You need a 2500 diesel for that big trailer. Any brand will work, but I am biased towards GM after working on them for 25 years


----------



## OutbackKampers (Mar 25, 2012)

2010 Toyota Tundra Double Cab. Reese dual cam weight distr. hitch. Firestone Air Bags. Tows great!


----------



## vanfire (May 16, 2012)

Tundra....Hmmm I love that truck but thought i would have to go diesel. So OutbackKampers, you have no problem towing with you Tundra at all? have you gone on long trips, hills and such?


----------



## OutbackKampers (Mar 25, 2012)

vanfire said:


> Tundra....Hmmm I love that truck but thought i would have to go diesel. So OutbackKampers, you have no problem towing with you Tundra at all? have you gone on long trips, hills and such?

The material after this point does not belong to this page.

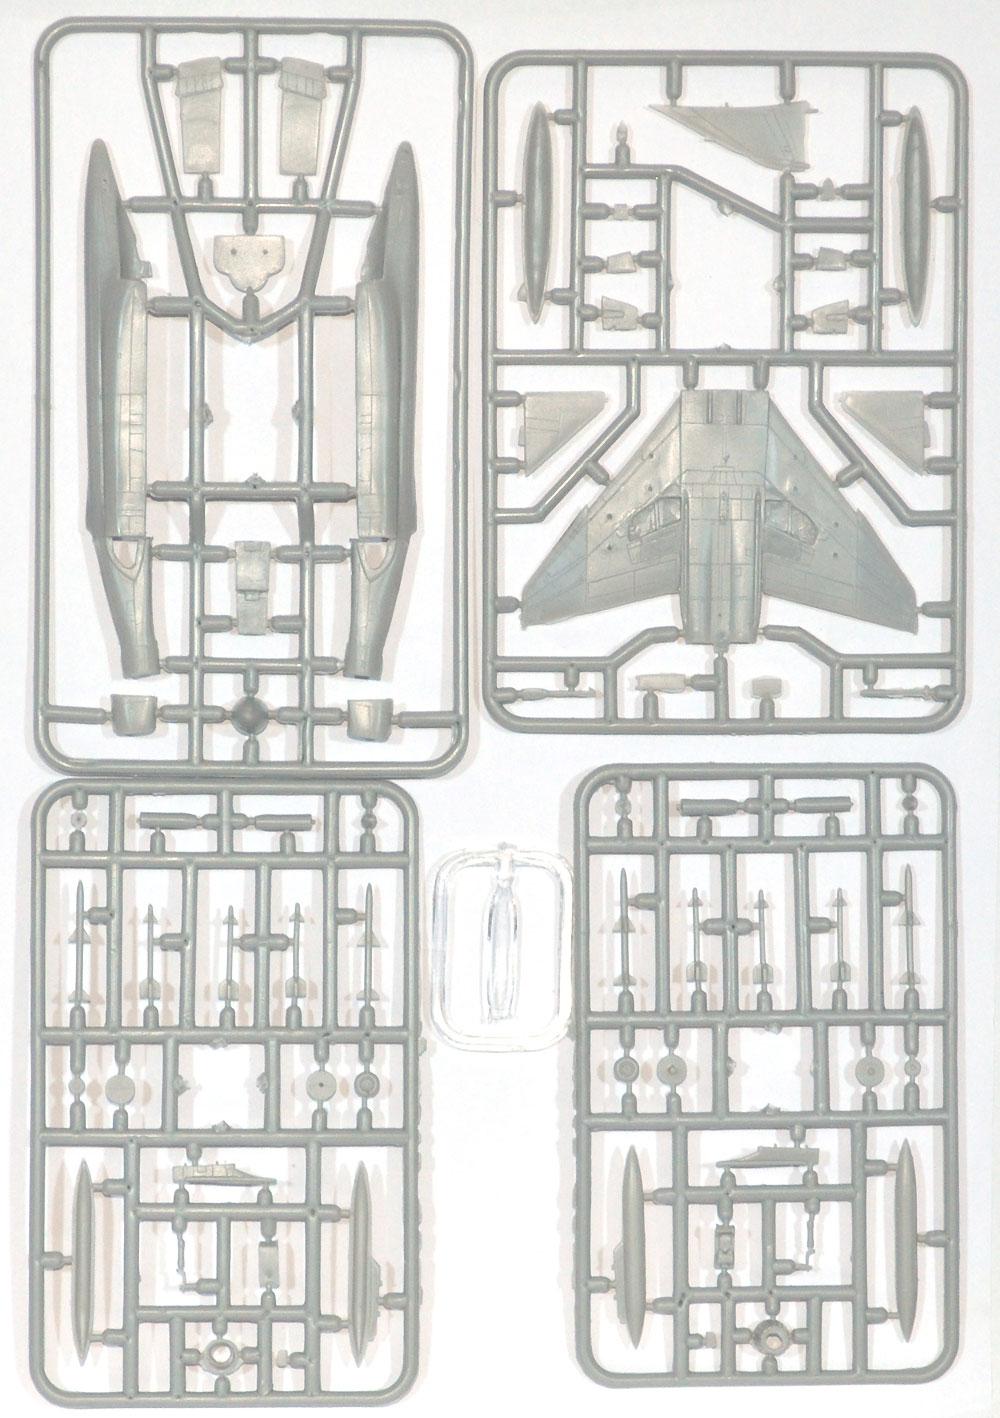 F-4J ファントム 2プラモデル(ソヴァ M1/144 エアクラフトNo.SVM-14001)商品画像_2

I towed a 6600 lb, 28 ft. Coachmen for two years with the Tundra, and no problems. We upgraded to the 2012 312BH this year. We haven't gone on any long trips yet, but have towed it within 100 miles of home. The truck handles the Outback just as well, if not better than the Coachmen. We don't get out on the interstate much, but there is no problem towing at 60mph through the winding, hilly two lane roads we have around here. So far, I'm happy with our setup.


----------



## echolewa63 (Mar 28, 2012)

Bought a 312BH last year and just bought a 2009 F350 6.8L V10, 4.10 gears. Tows it with no problem, unless you are concerned about gas mileage. Averaged around 8mpg cruising between 65 and 70 most of the way. Truck performs great but we've only taken it in relatively flat terrain of Michigan and Indiana. Going to Williamsburg, VA this summer. Cant wait to see how she handles some hillier terrain. Its not a diesal but the V10 has alot of torque compared to most other gas options out there so I'm betting she'll do fine.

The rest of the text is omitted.